Riot is now on parthenon/develop
Riot now entirely based on sparse packs
- some quality of life improvements should be available upstream shortly
will also push custom load balancing upstream
Q: what about BiCGStab?
- may or may not be updated (currently lives on separate branch)
- LR more interested in pushing for Multigrid rather than
- BP has backport, will open PR

PM

also worked on riot <-> develop
bug reported last time (fine/coarse round of error when run on different ranks)
- problem gone away by changing new comm task
- not sure why it went away (maybe because of local/nonlocal versus any comm, but that doesn't explain round of error level)
will create PR to add CI machinery to cover multiple ranks and pack sizes

FG

fixing INCITE runs on Frontier
working with co-design summer school students (found issue with reflective bounds in phydro)
looking at sph/cyl coordinates, early PR expected next week
got AthenaPK compiled on Chicoma (also related to also https://github.com/lanl/phoebus/issues/70)

BW

debugging various Ascent issues
- slice perp to y axis when running on GPUs
- ghost zones
got couple of open WIP PRs

PG

still tracking down IO performance issues on Frontier
discovered that our chunking strategy is not optimal
working on a best-practice solution and looking for external input (from people with more expert knowledge)
Question on extra variables for rst outputs.
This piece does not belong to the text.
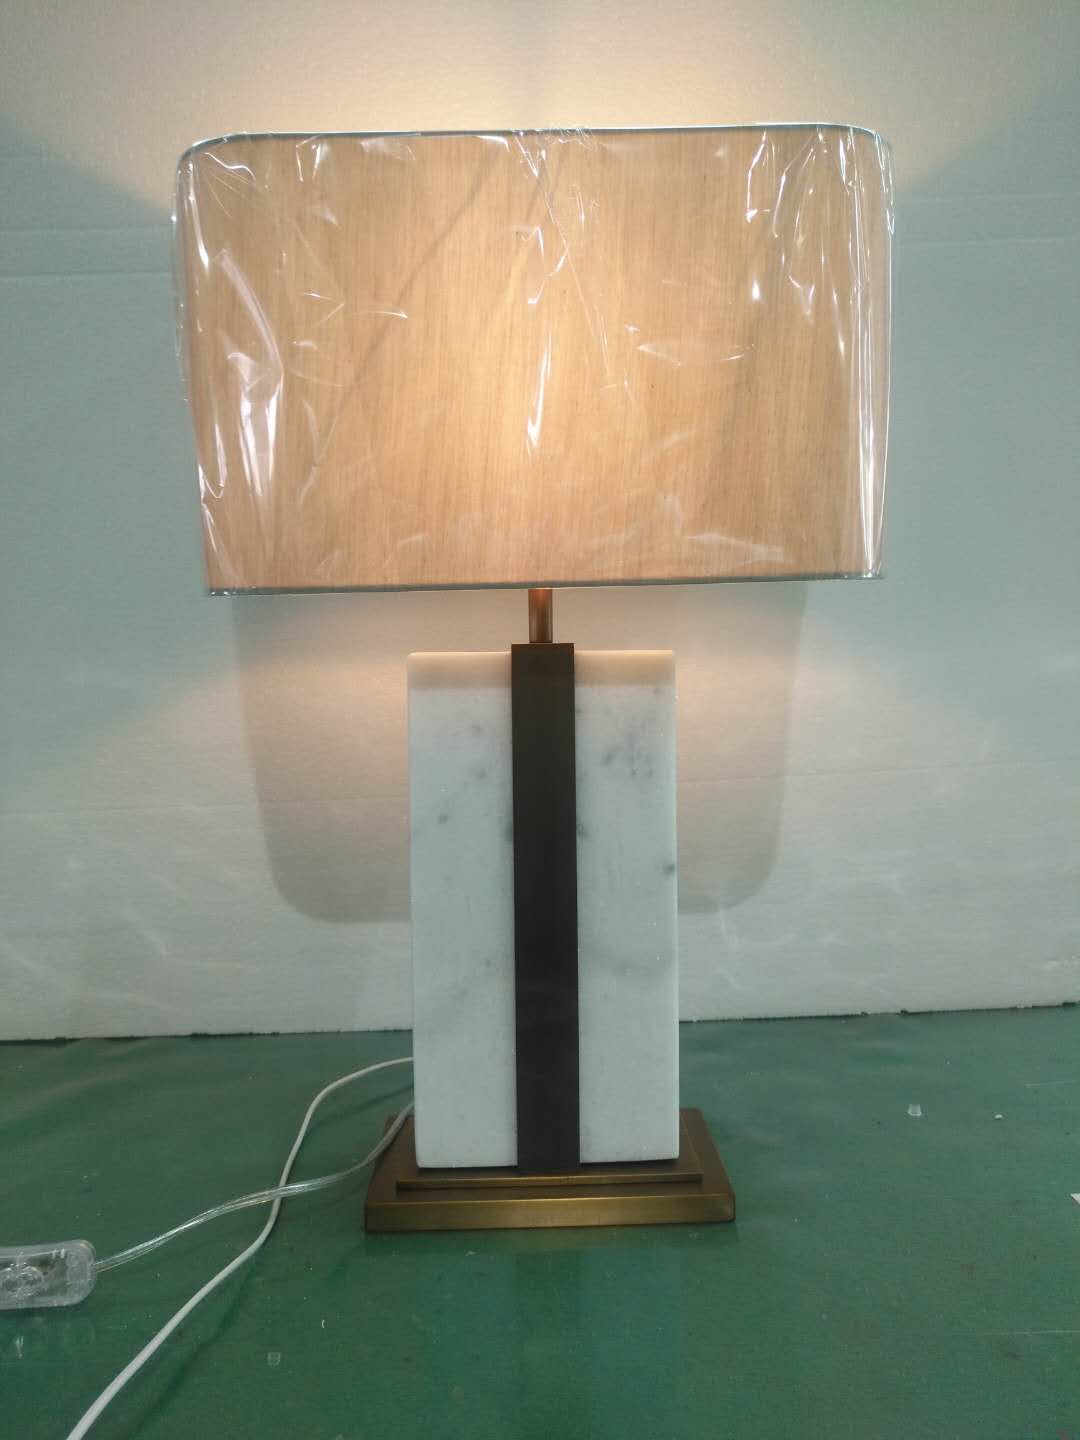 Indoor White Stainless Steel Fabric Shade Table Lighting (KA827827)

No objection (though the parameter name should probably differ from the normal outputs)

AJ

Results from load balancing work over past months:
Can now assign arbitrary blocks to arb ranks
Test setup (30k timesteps, 16^3 blocks, 512 ranks, spherical blast with Phoebus, so work per block varies)
Implemented different load balancing and comm locality policies
- contiguous (good locality, poor load balance, given vary. work per block)
- longest processing time (good load balance, poor locality)
- contiguous-improved (dynamic programming to eval balance)
- contiguous-improved-iterative (iteratively improve on prev solution)
Currently, load imbalance per block is ~30-40%. Gains should be much higher with larger imbalance.
Will look at comparing to Riot LB (see above)
Other interesting outcomes
- (de)refinements oscillate (and are quite costly), so reducing the number of derefinements improves performance
- For given setup, compute load even per block evolves with time, which is not naturally captured by standard LB. Enforcing LB helps in reducing runtime.
next
- additional input decks
- GPU vs CPU